* INPUT DATA *
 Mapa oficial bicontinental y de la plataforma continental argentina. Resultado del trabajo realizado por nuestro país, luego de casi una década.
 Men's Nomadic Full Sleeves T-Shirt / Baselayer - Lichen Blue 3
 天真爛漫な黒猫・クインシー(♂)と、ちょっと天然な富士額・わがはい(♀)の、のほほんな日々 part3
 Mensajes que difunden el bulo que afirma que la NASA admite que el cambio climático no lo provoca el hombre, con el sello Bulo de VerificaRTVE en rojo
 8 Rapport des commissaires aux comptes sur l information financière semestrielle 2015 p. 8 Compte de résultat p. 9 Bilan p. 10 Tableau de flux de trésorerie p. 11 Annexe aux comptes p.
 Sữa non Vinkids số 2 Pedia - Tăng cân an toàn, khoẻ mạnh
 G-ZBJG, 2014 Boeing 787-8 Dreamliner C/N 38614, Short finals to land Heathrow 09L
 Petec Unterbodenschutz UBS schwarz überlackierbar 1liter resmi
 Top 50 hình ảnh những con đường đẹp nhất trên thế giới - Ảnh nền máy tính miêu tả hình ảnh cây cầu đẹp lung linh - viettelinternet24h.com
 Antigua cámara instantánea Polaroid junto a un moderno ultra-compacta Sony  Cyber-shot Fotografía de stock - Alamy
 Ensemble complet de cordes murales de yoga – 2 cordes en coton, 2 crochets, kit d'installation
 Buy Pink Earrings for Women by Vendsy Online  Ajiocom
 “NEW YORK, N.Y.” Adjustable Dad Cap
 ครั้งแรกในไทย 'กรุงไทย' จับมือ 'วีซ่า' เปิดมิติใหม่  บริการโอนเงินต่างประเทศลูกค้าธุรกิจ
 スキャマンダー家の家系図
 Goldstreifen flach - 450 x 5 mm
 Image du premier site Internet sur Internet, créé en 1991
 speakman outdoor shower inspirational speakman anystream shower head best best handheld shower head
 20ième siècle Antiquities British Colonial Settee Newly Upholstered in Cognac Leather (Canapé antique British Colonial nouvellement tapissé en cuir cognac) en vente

* ACTIVITY *
The material is to be given again in full and without variation.

* ANSWER SECTION *
 Mapa oficial bicontinental y de la plataforma continental argentina. Resultado del trabajo realizado por nuestro país, luego de casi una década.
 Men's Nomadic Full Sleeves T-Shirt / Baselayer - Lichen Blue 3
 天真爛漫な黒猫・クインシー(♂)と、ちょっと天然な富士額・わがはい(♀)の、のほほんな日々 part3
 Mensajes que difunden el bulo que afirma que la NASA admite que el cambio climático no lo provoca el hombre, con el sello Bulo de VerificaRTVE en rojo
 8 Rapport des commissaires aux comptes sur l information financière semestrielle 2015 p. 8 Compte de résultat p. 9 Bilan p. 10 Tableau de flux de trésorerie p. 11 Annexe aux comptes p.
 Sữa non Vinkids số 2 Pedia - Tăng cân an toàn, khoẻ mạnh
 G-ZBJG, 2014 Boeing 787-8 Dreamliner C/N 38614, Short finals to land Heathrow 09L
 Petec Unterbodenschutz UBS schwarz überlackierbar 1liter resmi
 Top 50 hình ảnh những con đường đẹp nhất trên thế giới - Ảnh nền máy tính miêu tả hình ảnh cây cầu đẹp lung linh - viettelinternet24h.com
 Antigua cámara instantánea Polaroid junto a un moderno ultra-compacta Sony  Cyber-shot Fotografía de stock - Alamy
 Ensemble complet de cordes murales de yoga – 2 cordes en coton, 2 crochets, kit d'installation
 Buy Pink Earrings for Women by Vendsy Online  Ajiocom
 “NEW YORK, N.Y.” Adjustable Dad Cap
 ครั้งแรกในไทย 'กรุงไทย' จับมือ 'วีซ่า' เปิดมิติใหม่  บริการโอนเงินต่างประเทศลูกค้าธุรกิจ
 スキャマンダー家の家系図
 Goldstreifen flach - 450 x 5 mm
 Image du premier site Internet sur Internet, créé en 1991
 speakman outdoor shower inspirational speakman anystream shower head best best handheld shower head
 20ième siècle Antiquities British Colonial Settee Newly Upholstered in Cognac Leather (Canapé antique British Colonial nouvellement tapissé en cuir cognac) en vente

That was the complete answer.